Nineteen-year-old Anett Kontaveit (No. 152) is such a fresh face on the WTA Tour that she doesn't even have a picture in her bio. Yet she has a chance to make it through to the fourth round. Coming into this tournament, Kontaveit had two appearances in Grand Slams, both first-round losses at Wimbledon, this year and last year.

Shelby Rogers hits a forehand during her second-round match at the U.S. Open.
Shelby Rogers hits a forehand during her second-round match at the U.S. Open.Matthew Stockman/Getty Images

She will play Madison Brengle (No. 47), who had her best showing at a Slam earlier this year at the Australian Open. She reached the fourth round. 

Daria Kasatkina, an 18-year-old Russian who got the lucky loser slot after Sharapova withdrew, could also move into the fourth round in her first Grand Slam appearance. Kasatkina (No. 133) has earned more prize money in two rounds at the U.S. Open than she has in her entire career. 

Kasatkina told the WTA's staff she couldn't believe her luck. "When my coach told me, 'Sharapova withdrew, you're in the main draw,' I was like...Oh my god! Thanks God! ... Really, I was so happy because it's unbelievable luck to get the lucky loser at a Grand Slam. So I realized I was so, so lucky."

There are plenty of big names left. Belinda Bencic (No. 12), one of only two women to defeat Williams this year, takes on Venus Williams in the third round. Samantha Stosur, winner of the 2011 U.S. Open, remains in the draw. So does 2012 Wimbledon finalist Agnieszka Radwanska, who takes on rising star Madison Keys.

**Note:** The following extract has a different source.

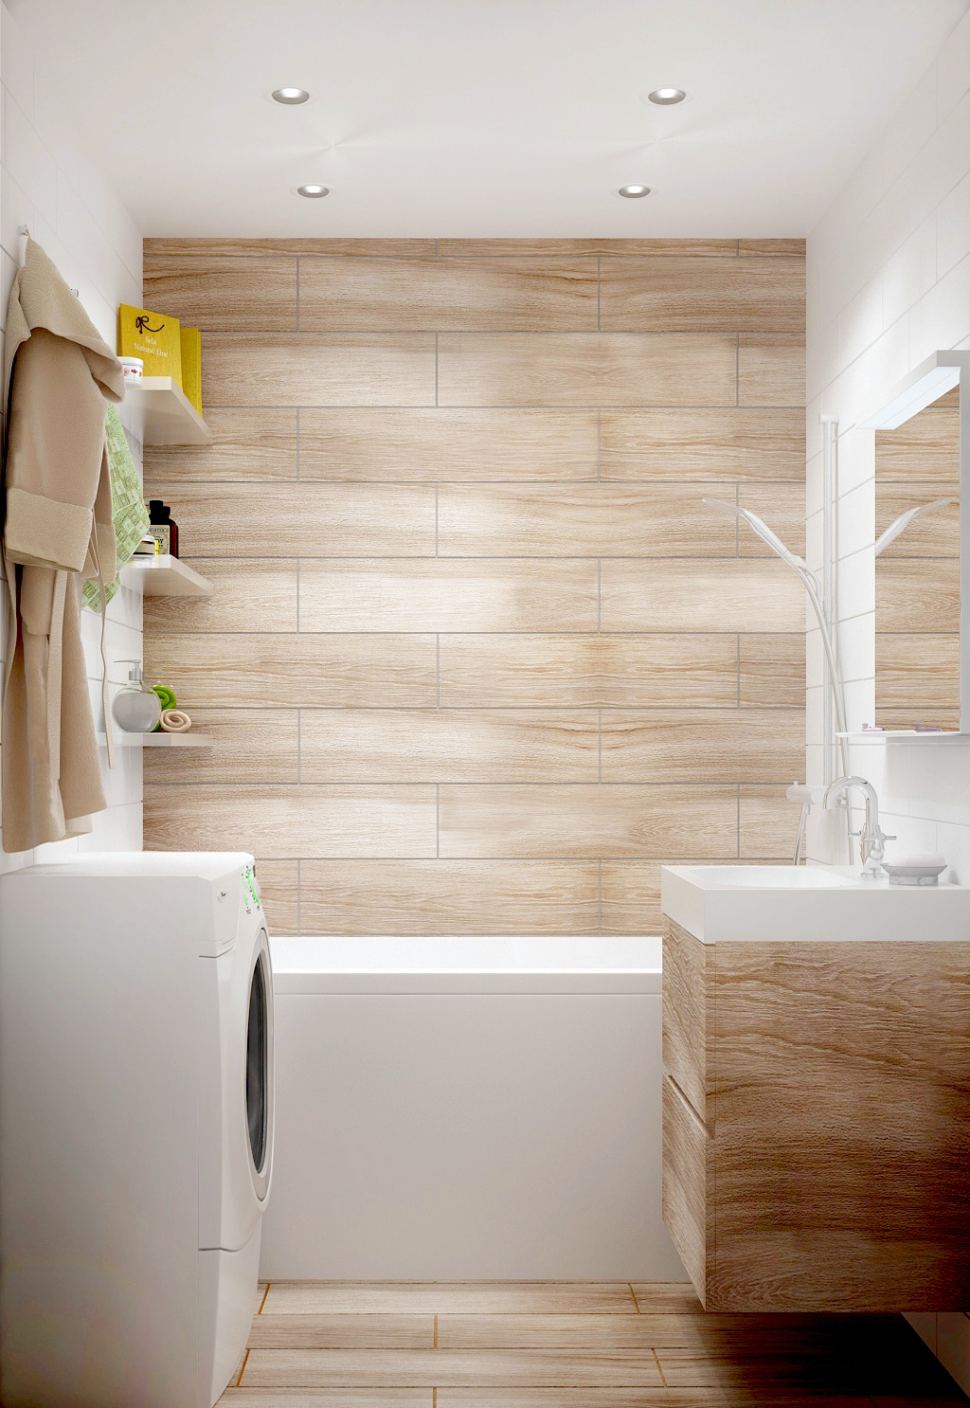 Интерьер ванной комнаты 3 кв.м в древесных тонах, керамическая плитка, ванна, стиральная машинка 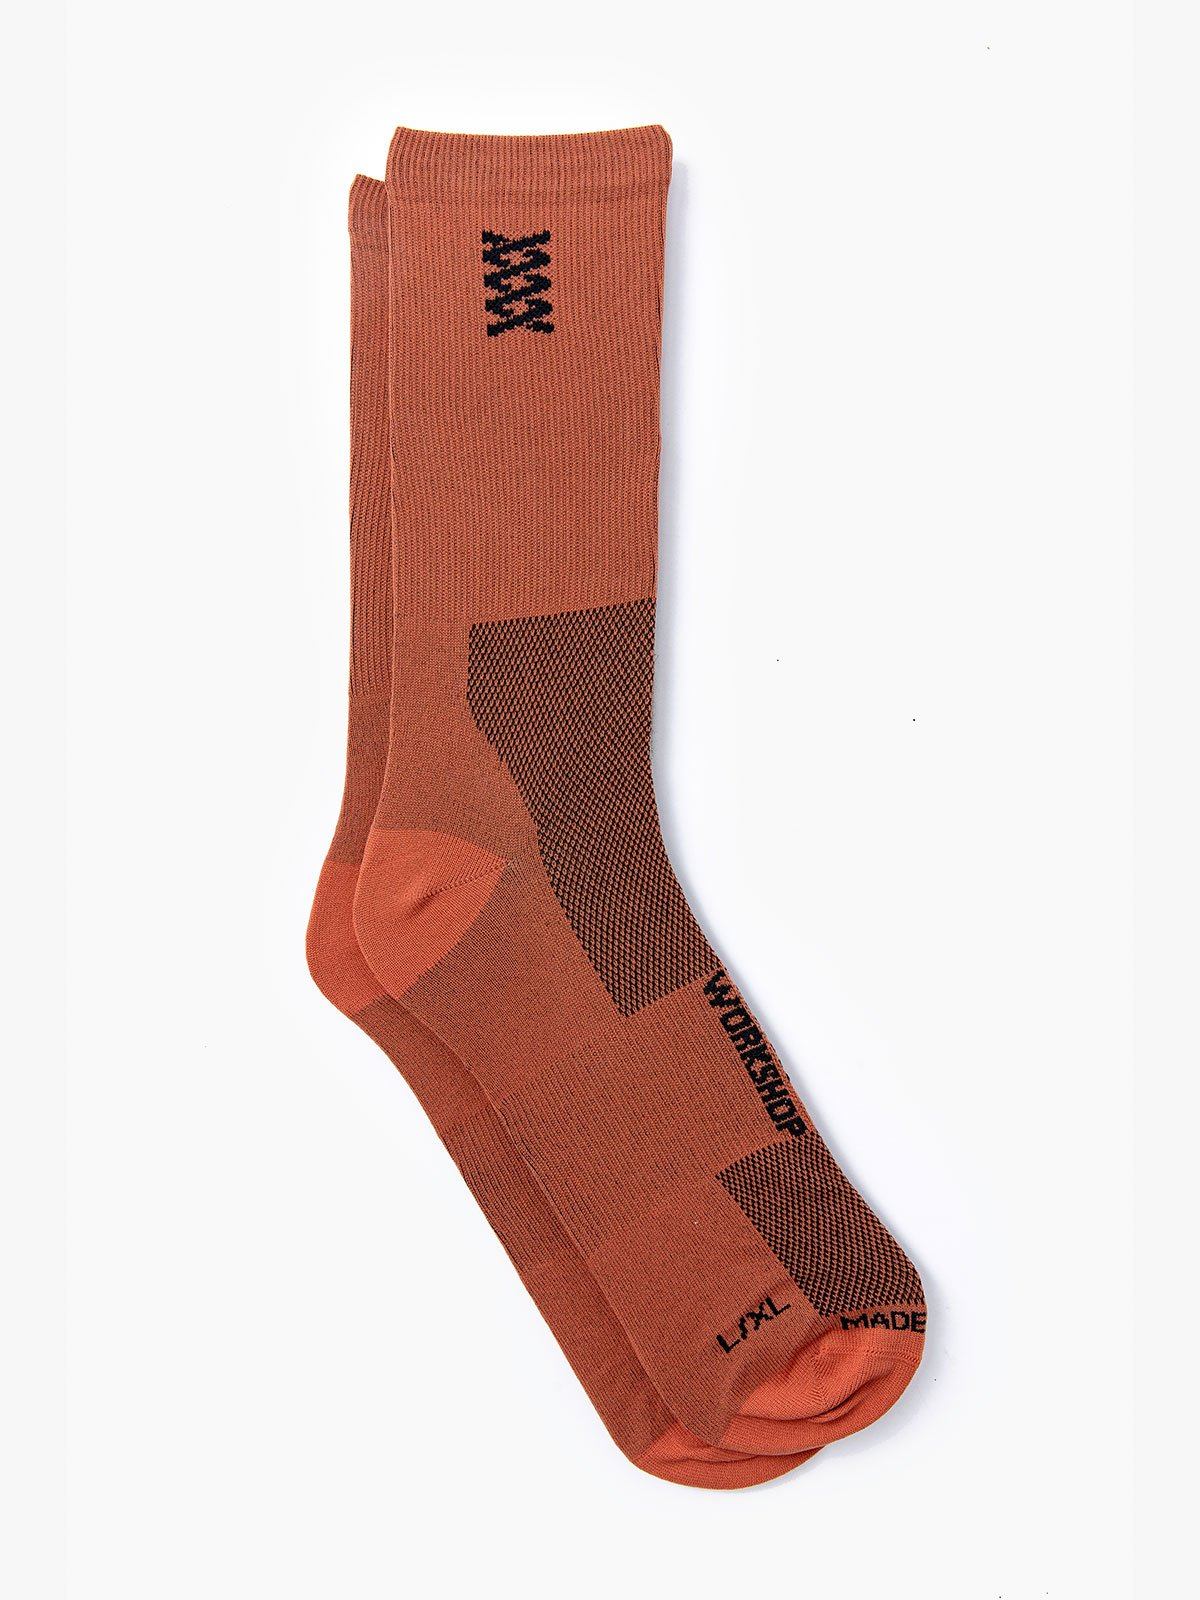 Mission Pro Socks by Mission Workshop - Weerbestendige tassen & technische kleding - San Francisco & Los Angeles - Gemaakt om te weerstaan - Voor altijd gegarandeerd

Eugenie Bouchard, who's working hard to get back on track, next faces 2014 Australian Open finalist Dominika Cibulkova, who beat Ivanovic in the first round. Cibulkova is trying to advance beyond the third round at the U.S. Open for the first time since 2010. 

However, it's the no-names that are disrupting the draw at Flushing Meadows.  

Konta, appearing in her eighth Slam, reached the third round for the first time in dramatic fashion. She took out Wimbledon semifinalist, Muguruza in a match that lasted three hours and 23 minutes.

Despite surviving qualifiers and upsetting a top-10 player, Konta told the New York Times that her luck will run out soon enough.  

“You know, I am going to lose sooner or later. I’m not invincible. I’m no Serena Williams."